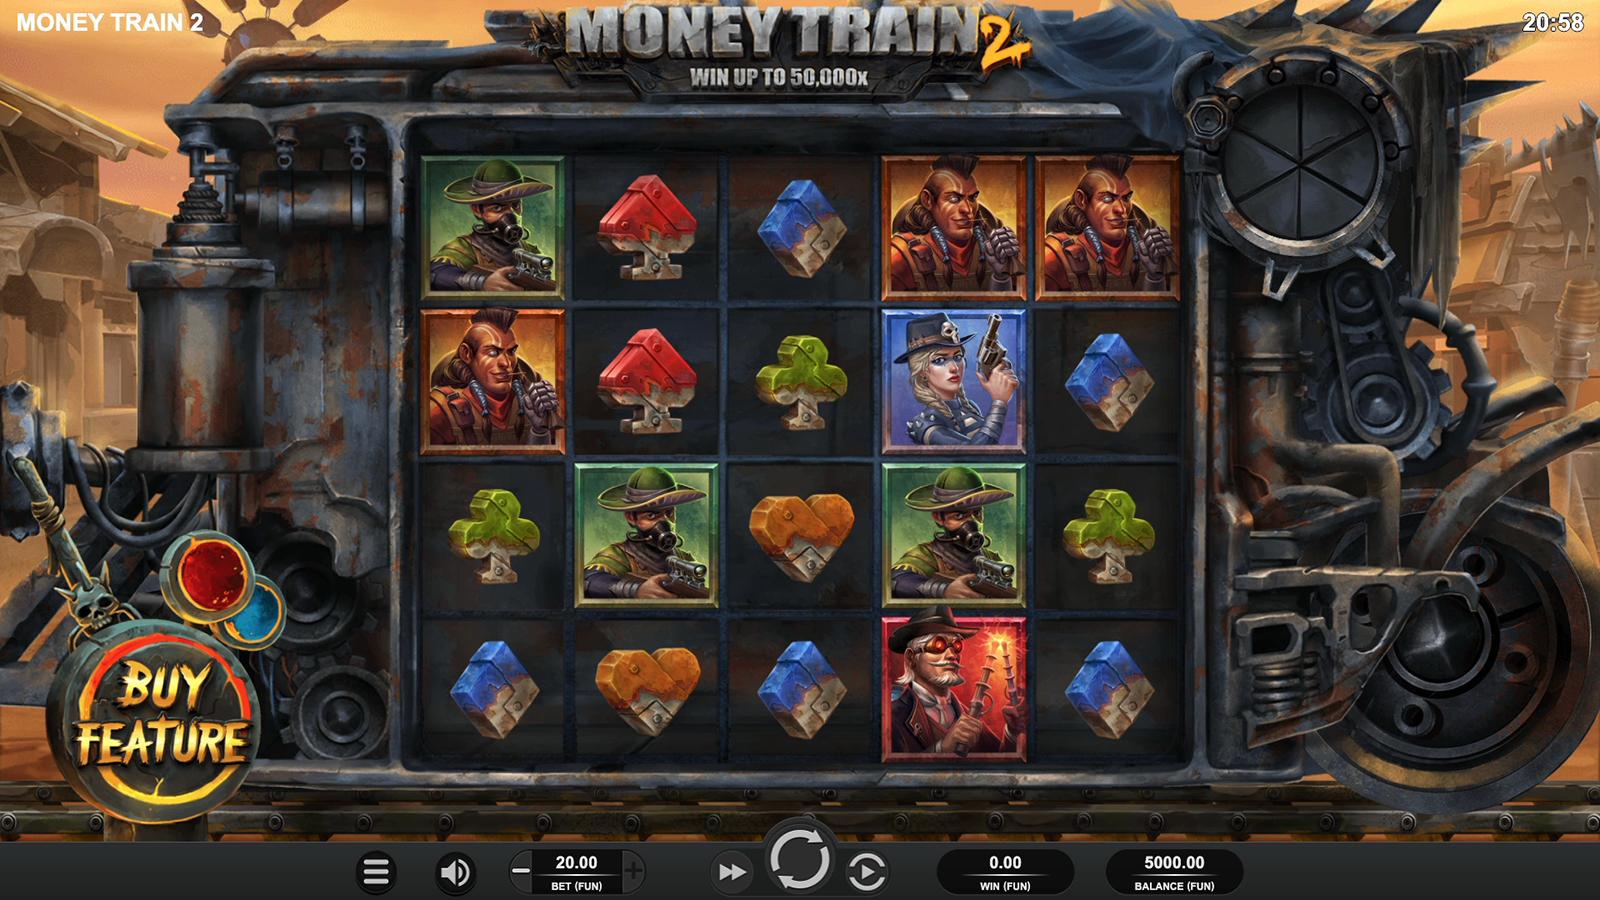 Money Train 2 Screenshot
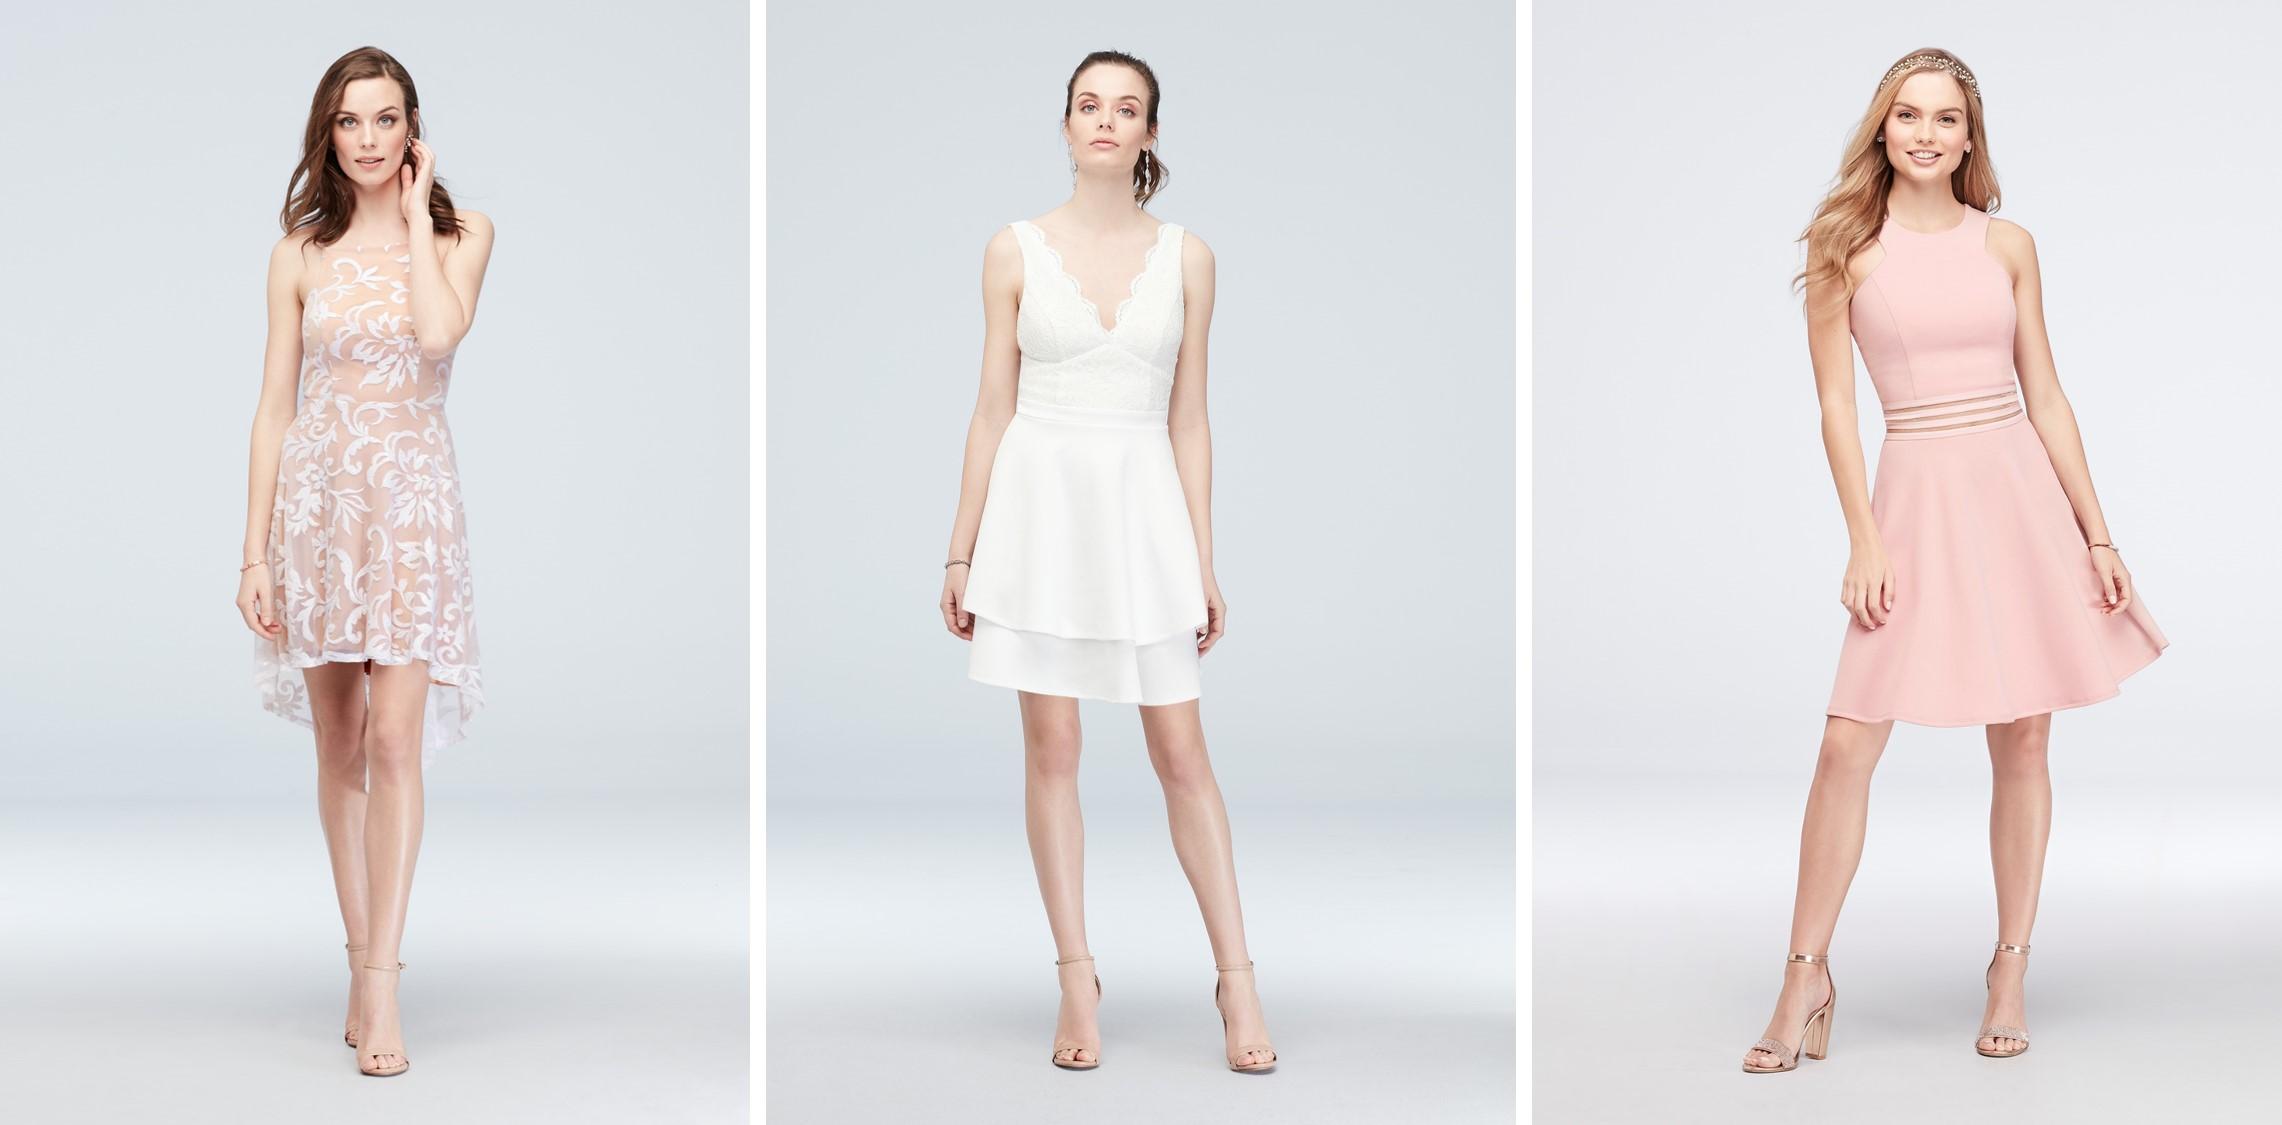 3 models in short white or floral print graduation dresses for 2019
* * * * *
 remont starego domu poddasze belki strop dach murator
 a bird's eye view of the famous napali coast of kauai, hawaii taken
* * * * *
Aim of the exercise:
Write out only the lines that run from the line containing "remont starego domu" through the line containing "a bird's eye", both included, exactly as they appear above.

Output of the exercise:
 remont starego domu poddasze belki strop dach murator
 a bird's eye view of the famous napali coast of kauai, hawaii taken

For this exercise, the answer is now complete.